===== Given information =====

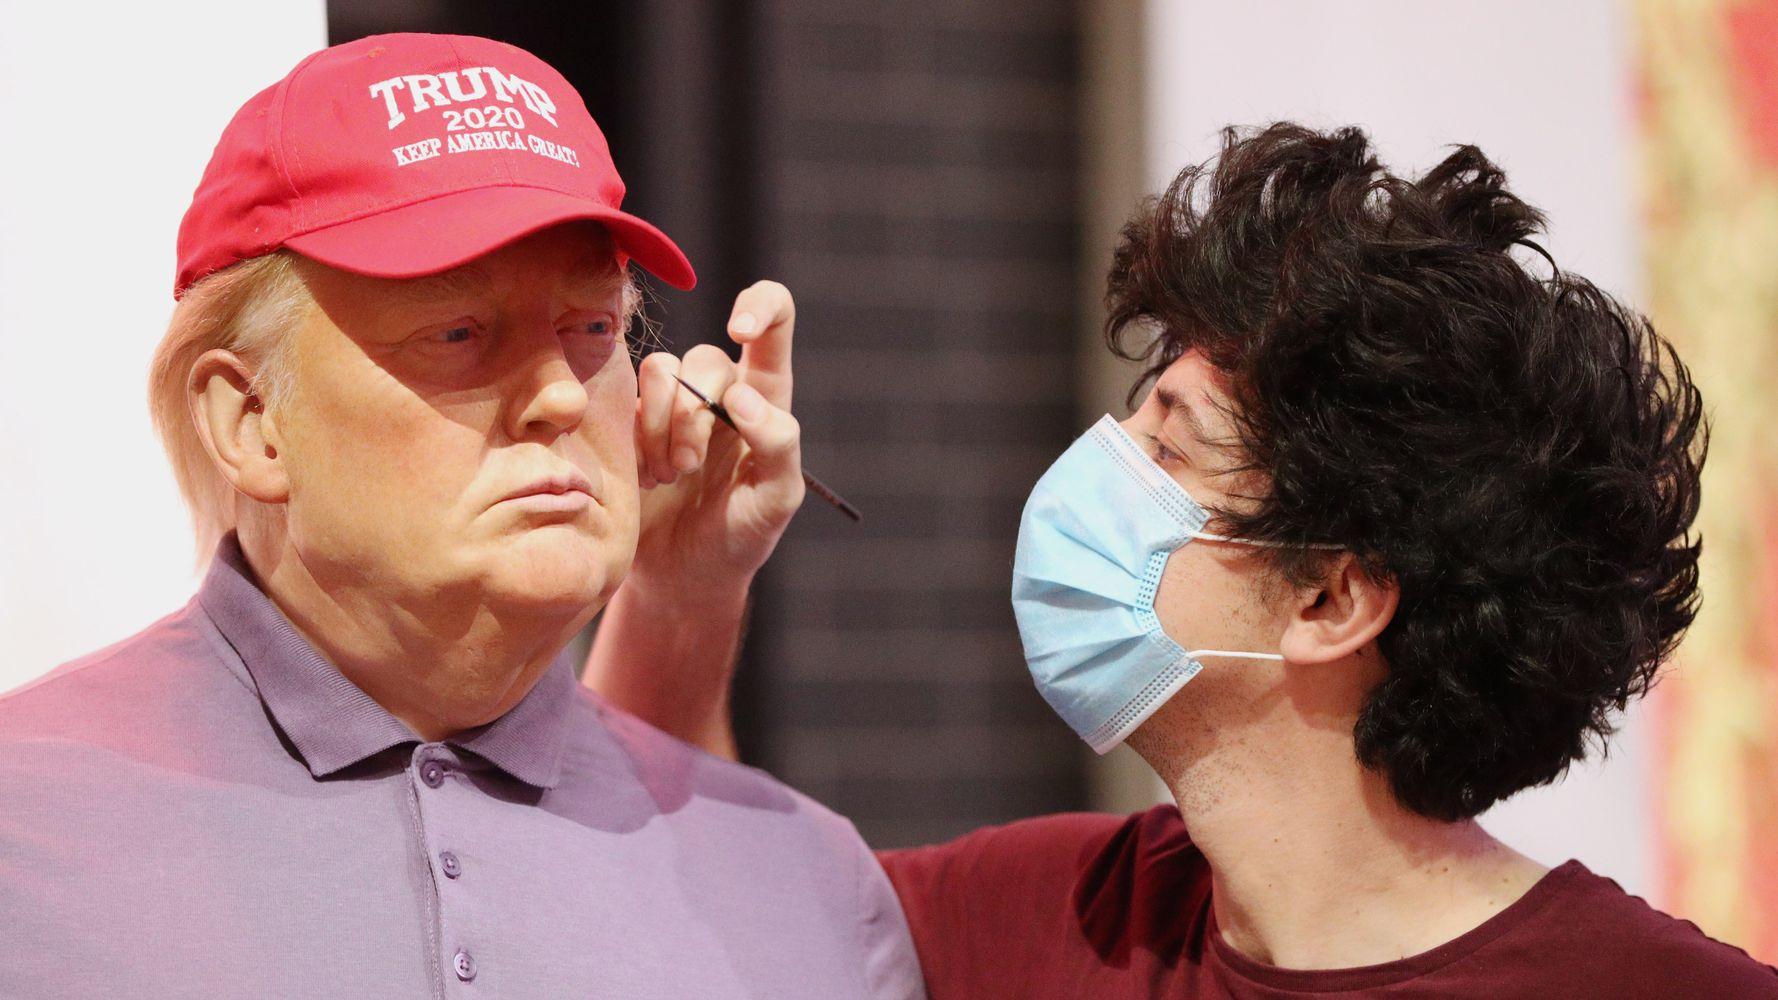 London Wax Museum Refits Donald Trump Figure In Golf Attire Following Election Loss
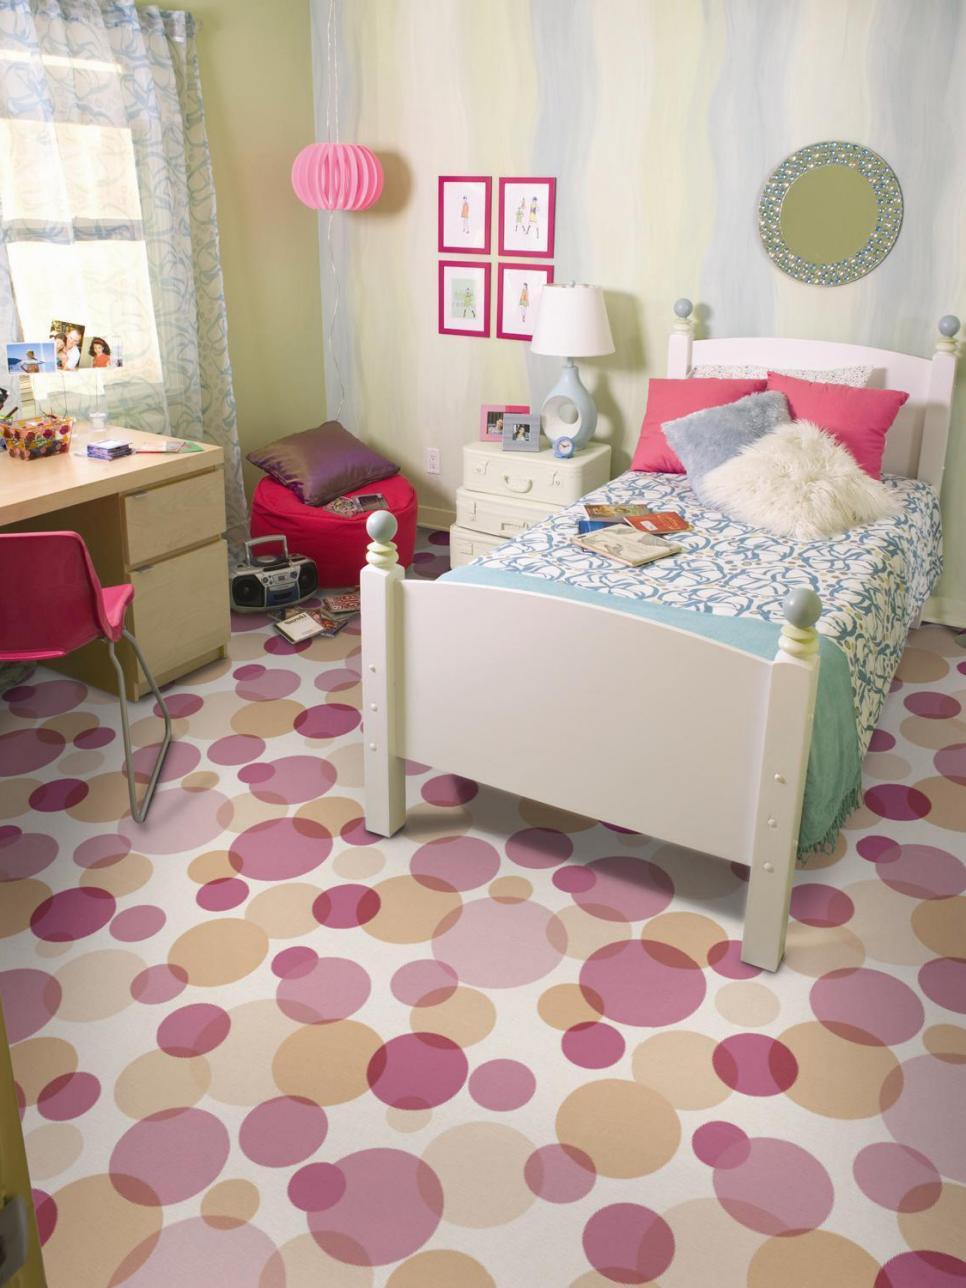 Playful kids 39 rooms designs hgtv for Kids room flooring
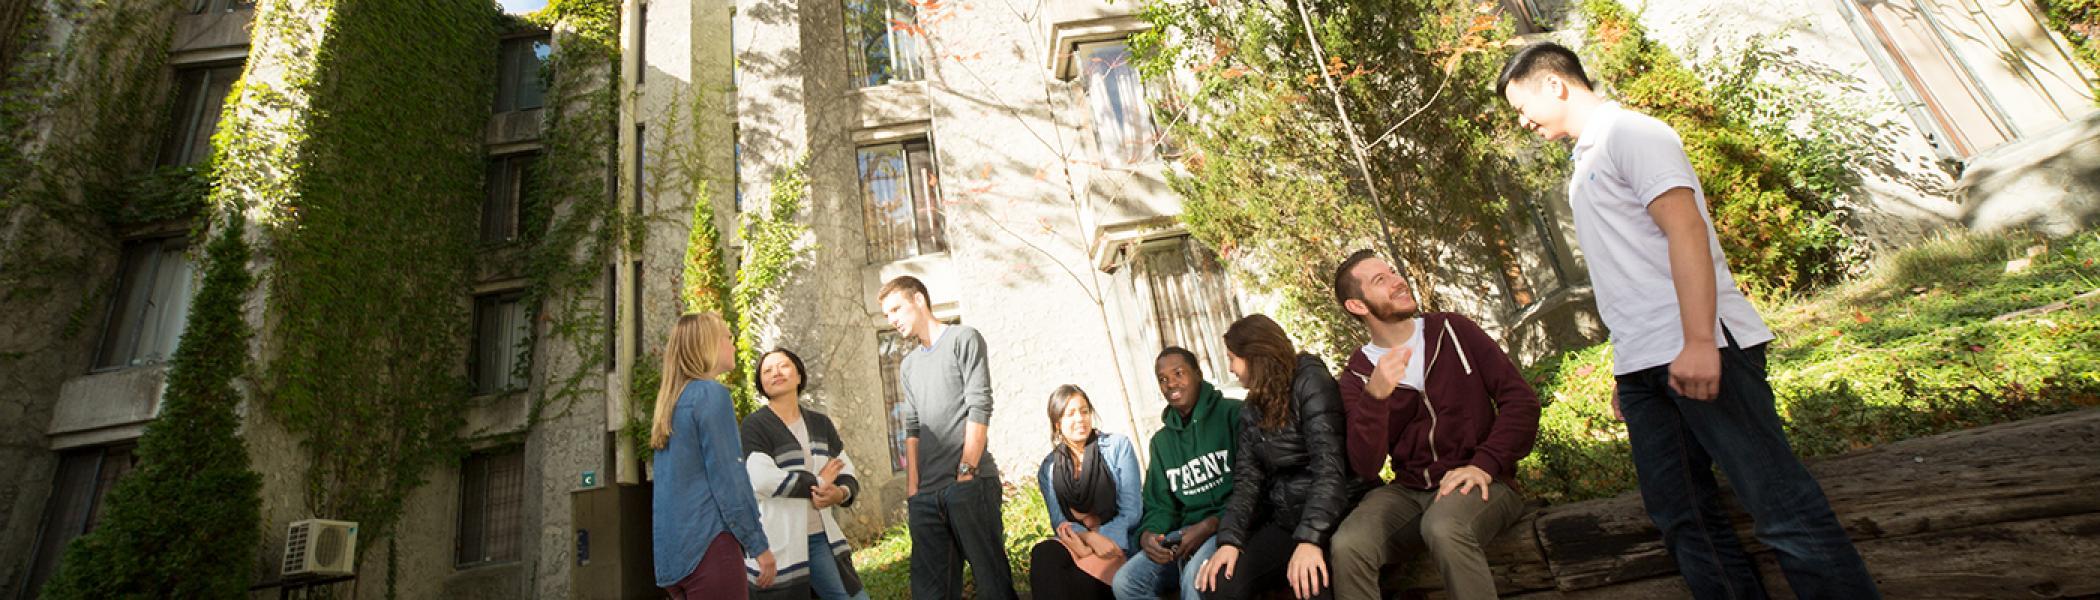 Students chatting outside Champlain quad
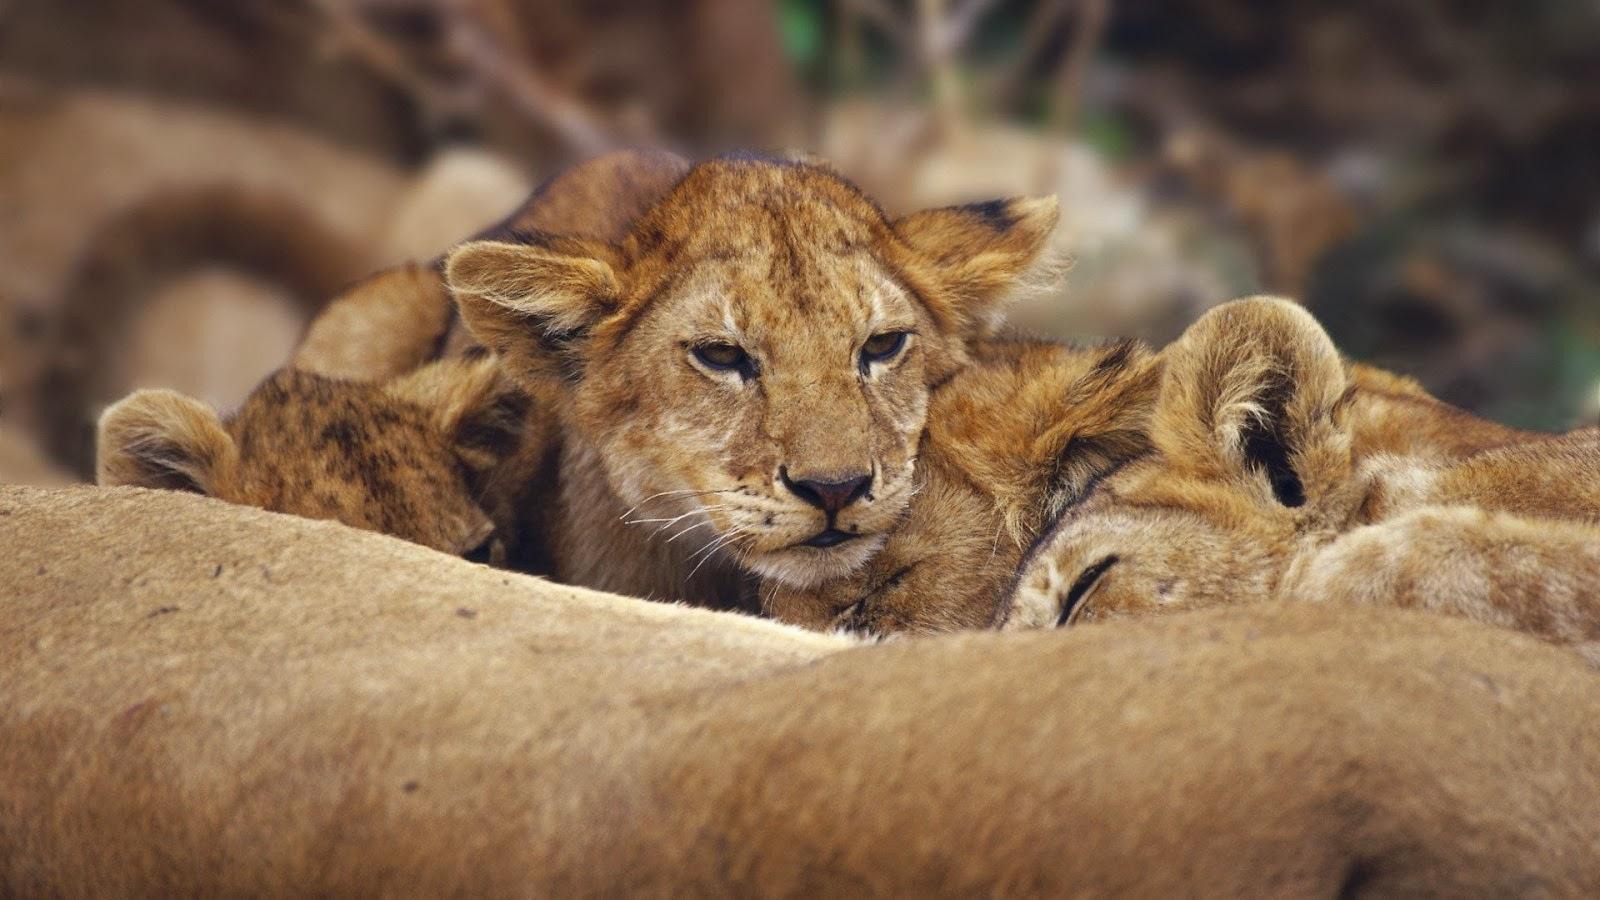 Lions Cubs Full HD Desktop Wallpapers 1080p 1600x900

=====

Task requirements => For this exercise, repeat word for word only the lines from the one containing "Students chatting outside Champlain quad" through the end of the data, including both. Pictures do not go in the copy.

Response box =>
 Students chatting outside Champlain quad
 Lions Cubs Full HD Desktop Wallpapers 1080p 1600x900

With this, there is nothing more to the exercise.